1. That a referendum be held to provide in the Australian Constitution for a representative body that gives Aboriginal and Torres Strait Islander First Nations a Voice to the Commonwealth Parliament. One of the specific functions of such a body, to be set out in legislation outside the Constitution, should include the function of monitoring the use of the heads of power in section 51 (xxvi) and section 122. The body will recognise the status of Aboriginal and Torres Strait Islander peoples as the first peoples of Australia.
2. That an extra-constitutional Declaration of Recognition be enacted by legislation passed by all Australian Parliaments, ideally on the same day, to articulate a symbolic statement of recognition to unify Australians.

The Final Report also notes that there are other matters of great importance to Australia's Indigenous peoples that can be more appropriately addressed outside the Constitution, realising many difficulties involved in Constitutional amendments, and recognising the principle of parliamentary supremacy. being: a statement of recognition; the establishment of a Makarrata Commission; a process to facilitate truth telling.

Sections of the Final Report described as 'extracts from the Uluru Statement from the Heart' include a section titled 'Our Story', outlining Indigenous history and resistance, a set of 'Guiding Principles' to govern the assessment of any proposals that result from the Uluru Statement, and a further analysis of Voice, Treaty and Truth regarding the outcomes delegates wished to see from them.

Parts of the statement state that First Nations Law was violated by the coming of the British to Australia, that Australia was not settled or discovered but invaded, that the Stolen Generation was an attempt to breed Aboriginality out of people, that Makarrata (another word for treaty) is the culmination of the agenda of the signatories and is the process by which First Nations will express their sovereignty. Other parts note the views of some delegates that the Voice should be a mechanism for providing 'free, prior and informed consent' rather than advice, and that Treaty could include a proper say in decision-making, the establishment of a truth commission, reparations, a financial settlement (such as seeking a percentage of GDP), the resolution of land, water and resources issues, recognition of authority and customary law, and guarantees of respect for the rights of Aboriginal and Torres Strait Islander Peoples.

==Presentation to government and journey across country==
The Final Report of the Referendum Council was published on 30 June 2017, and sent to the Prime Minister, Malcolm Turnbull, and the leader of the opposition, Bill Shorten.
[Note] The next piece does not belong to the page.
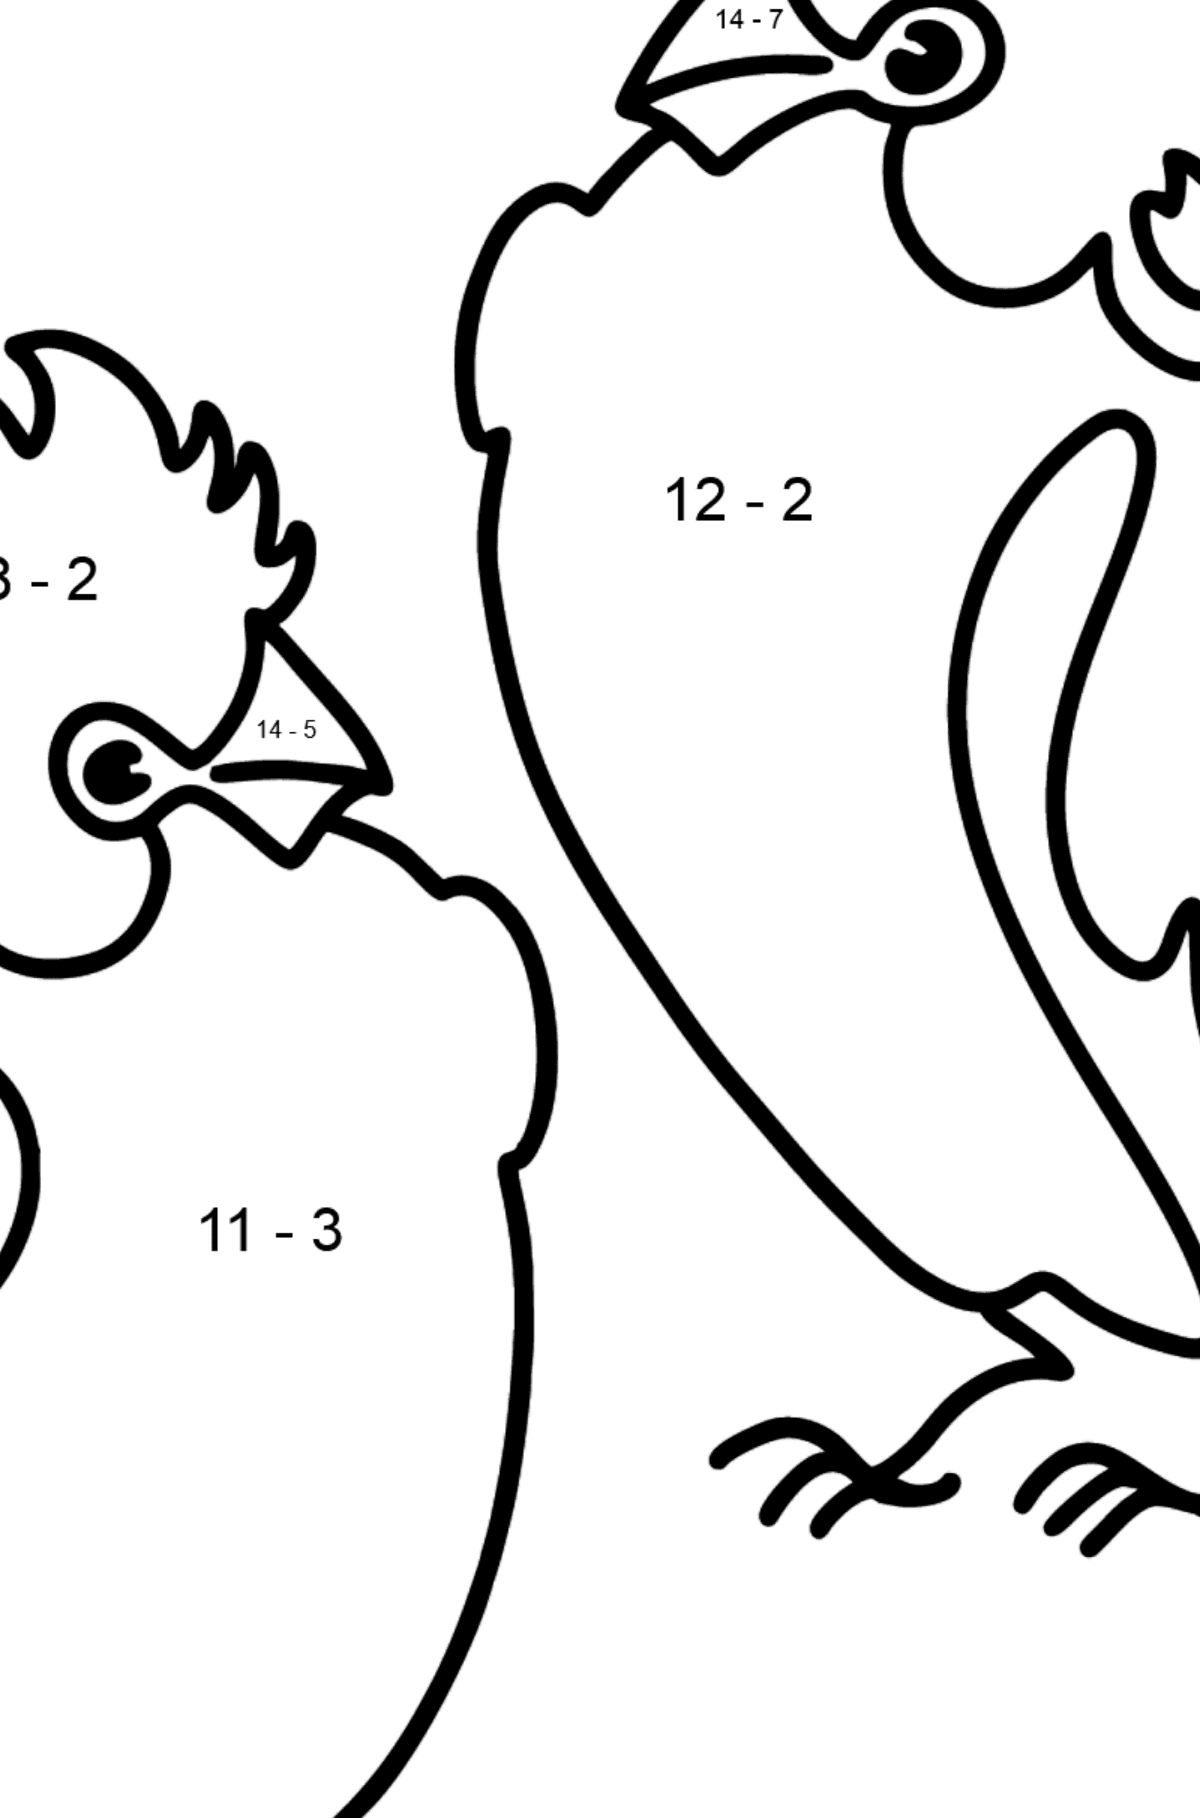 2 Parrots coloring page - Math Coloring - Subtraction for Kids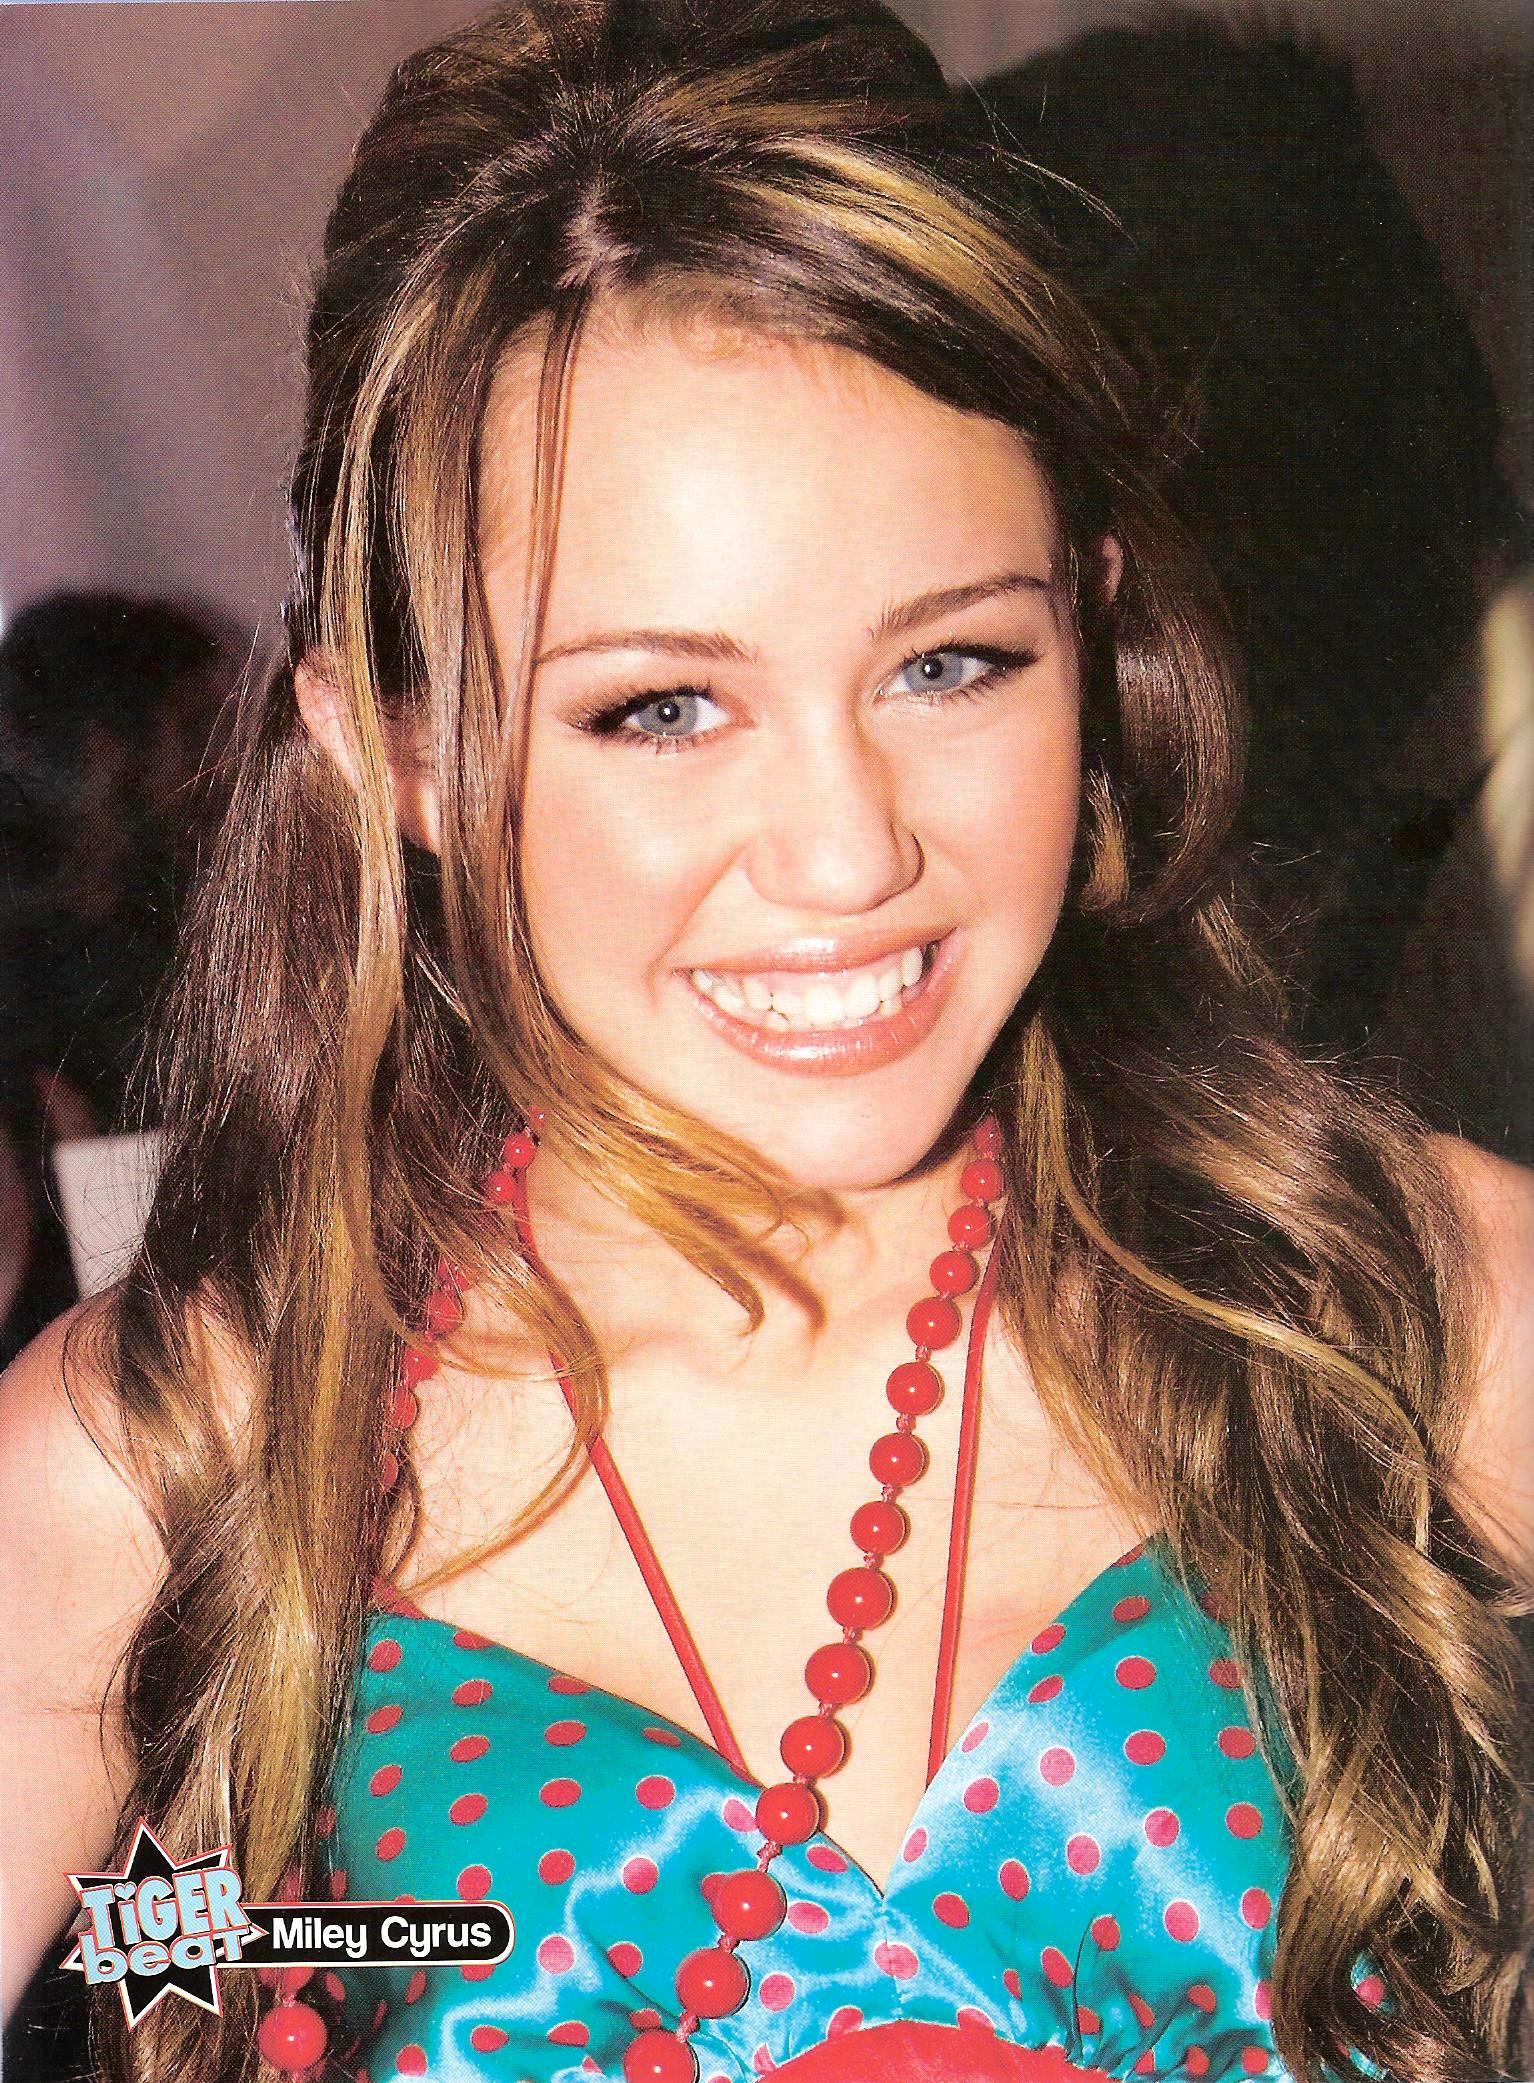 Miley Cyrus in Teen Choice Awards 2006

It included the Uluru Statement as a preface, and the essay Rom Watangu – The Law of the Land by Galarrwuy Yunupingu, in which he describes Rom watangu as the overarching law of the land, which is "lasting and alive... my backbone".

The 439 words of the Uluru Statement were printed onto a large canvas, surrounded by the signatures of participants, and afterwards decorated by Anangu law women. This official painted and signed canvas artwork was presented to the Prime Minister and the Leader of the Opposition on 5 August 2017, at the Garma Festival in north-east Arnhem Land in the Northern Territory. The Statement was also on display alongside musician John Butler at the Woodford Folk Festival in Queensland.

===Initial government response===
On 26 October 2017 Prime Minister Turnbull issued a joint statement with the Attorney-General, George Brandis, and the Indigenous Affairs Minister, Nigel Scullion, rejecting the statement. The statement said "The government does not believe such a radical change to our Constitution’s representative institutions has any realistic prospect of being supported by a majority of Australians in a majority of states".

===After presentation===
Thomas Mayo, a member of the Darwin dialogues and a signatory to the Uluru Statement, travelled the country for 18 months in his car with the rolled-up canvas in a tube, showing it to people and explaining what the Voice was about. Mayo said that wherever he took it and laid it out in the red dirt, people felt "the symbolism of it, the fact that this canvas was where our song-lines come together in the centre, with the poetic, powerful message, and the invitation to the Australian people", and described it as "the most sacred document in this country" and "incredibly moving". His journey is documented in his book Finding the Heart of the Nation.

==Community response==
===Public polling===

Research commissioned by From the Heart and conducted by the C|T Group in June 2020 showed that a majority of Australians supported a constitutionally enshrined Voice to Parliament, and that this support had increased 7 percent in three months, from 49 percent in March to 56 percent in June 2020. There were 2000 participants in the survey, who were asked: "If a referendum were held today, how would you vote on the proposal to change the Constitution to set up a new body comprising Aboriginal and Torres Strait Islander people that gives advice to federal parliament on Aboriginal and Torres Strait Islander issues?" Only 17 percent said they would vote no, down 3 percent since March 2020.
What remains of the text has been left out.